Publié le 24 janvier 2011 Mis à jour le 22 avril 2015

Les troubles d'apprentissage qu'il faut différencier d'un simple retard ou d'une immaturité temporaire peuvent survenir dans deux contextes principaux:

  • après une souffrance cérébrale acquise, par exemple après une prématurité, une souffrance périnatale, un traumatisme crânien, une épilepsie, une tumeur cérébrale, une infection (méningite, encéphalite), une maladie vasculaire. Plusieurs secteurs du développement cognitif et affectif peuvent être affectés et se répercuter sur les capacités d'apprentissage;
  • dans le cadre d'un trouble du développement (c'est-à-dire en l'absence de facteur neurologique acquis comme décrit précédemment), avec deux types de troubles:
    • les troubles spécifiques, qui correspondent à une perturbation durable et structurelle (liée à un développement anormal de certaines régions du cerveau). Ces troubles peuvent toucher le langage oral (dysphasie), le langage écrit (dyslexie-dysorthographie), le calcul (dyscalculie), l'activité gestuelle (dyspraxie) ou l'attention et les fonctions exécutives (trouble déficitaire de l'attention avec ou sans hyperactivité).

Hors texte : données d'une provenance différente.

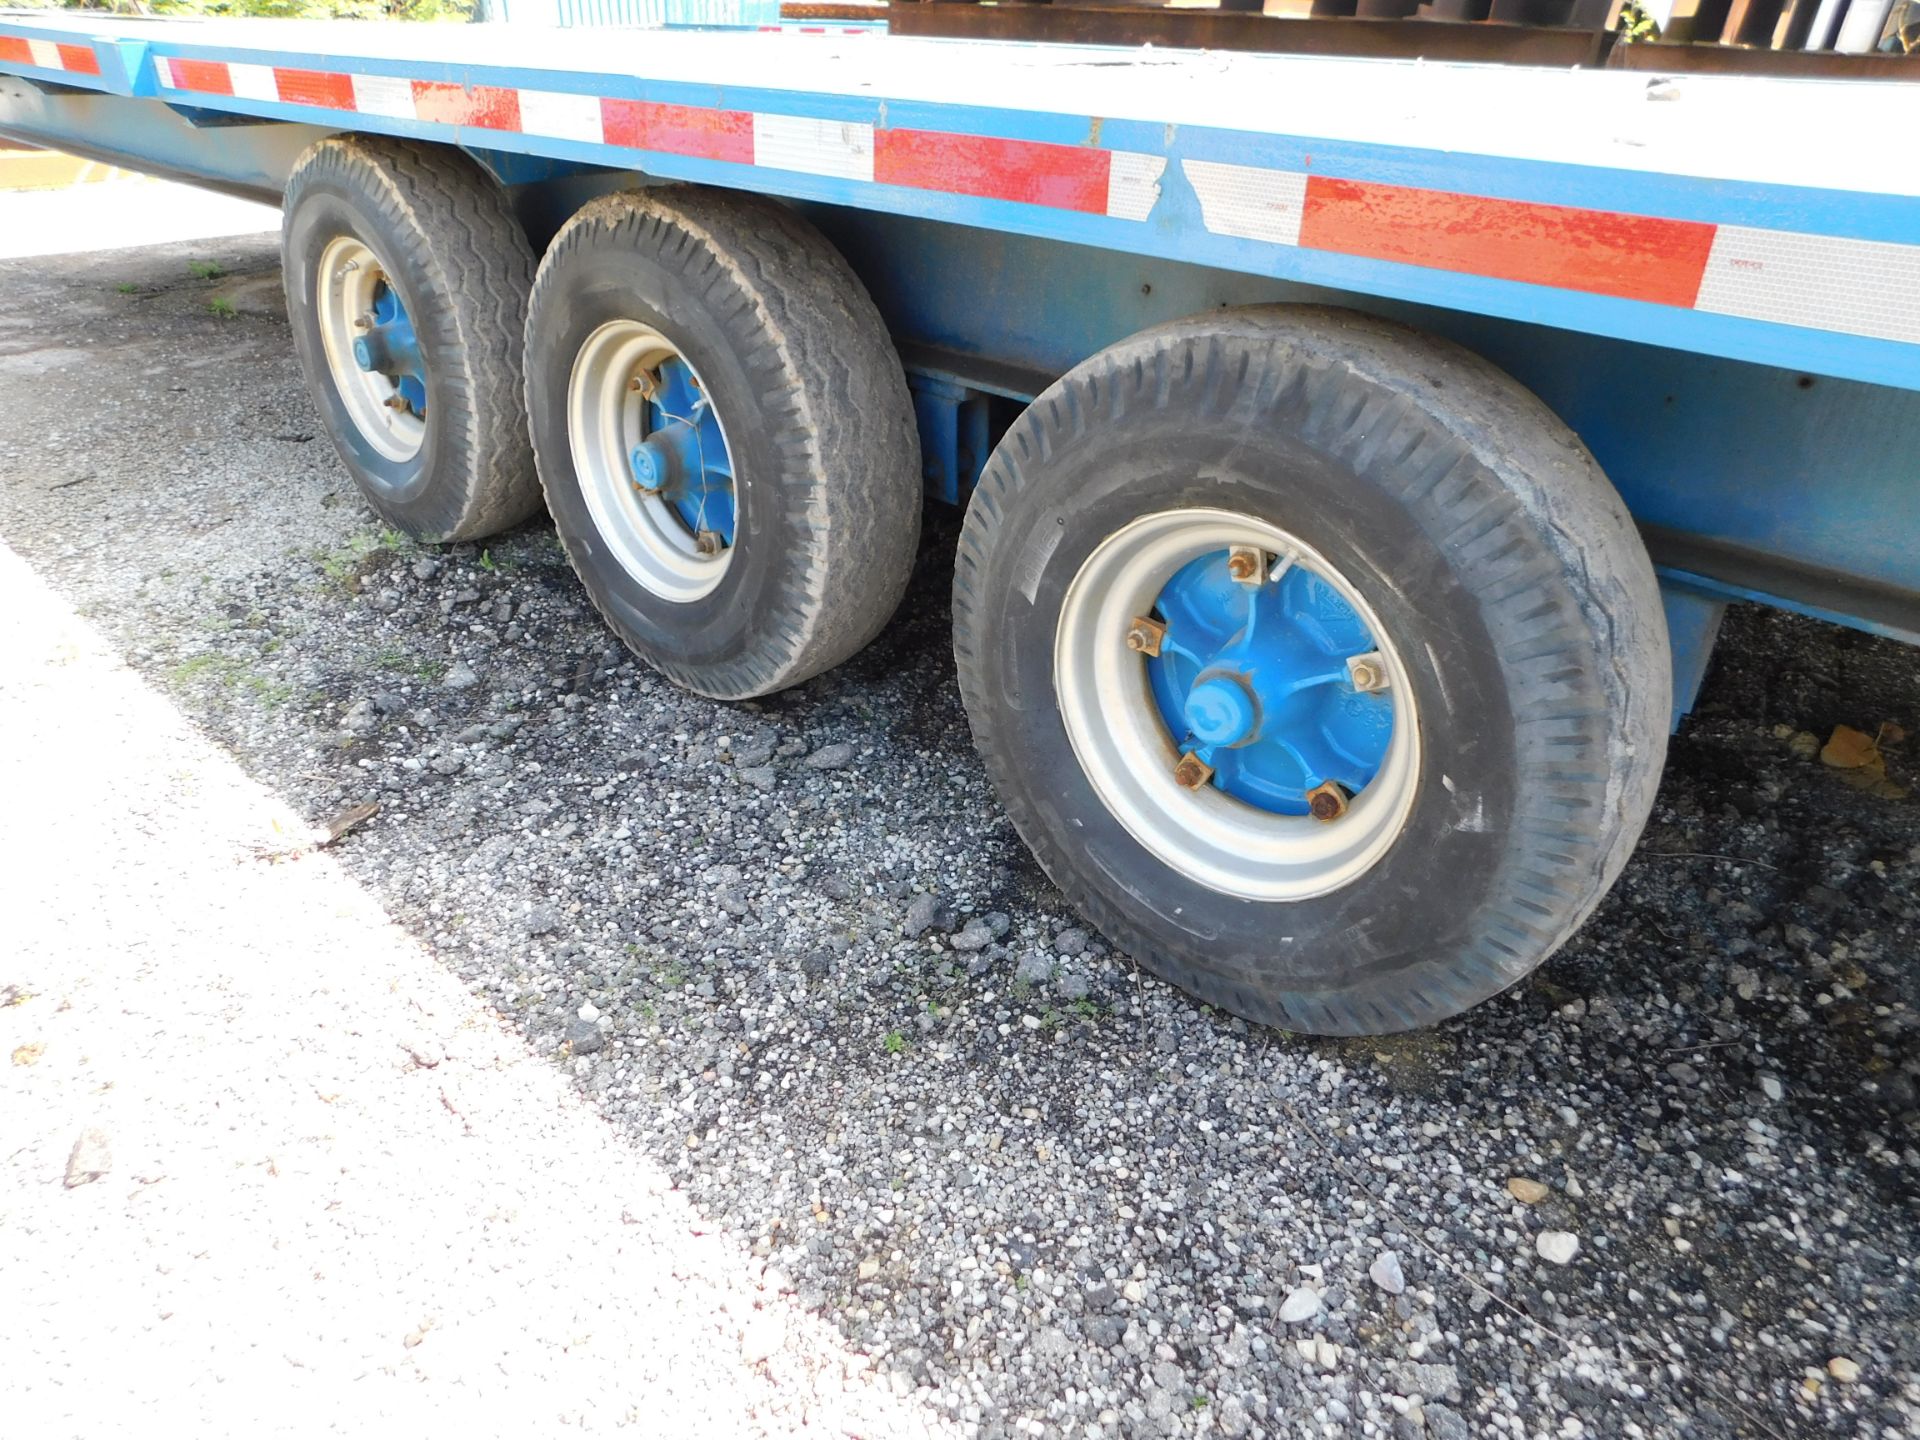 8' x 40' Flat Bed Tongue Pull Trailer, Wood Deck, Tri-Axle, 6-Wheels, Pintle Hitch - Image 3 of 13

      Ces troubles doivent survenir en l'absence de trouble sensoriel, psychiatrique, de déficience intellectuelle ou de carences éducatives,
    • les troubles d'apprentissage dans un contexte médical identifié (Neurofibromatose de type 1, hypothyroïdie, X fragile, syndromes micro-délétionnels, myopathie de Duchesne...) ou non (retard mental inexpliqué).
       
Dans tous les cas, l'identification de troubles d'apprentissage nécessite une évaluation précise inscrite dans une démarche clinique pluridisciplinaire.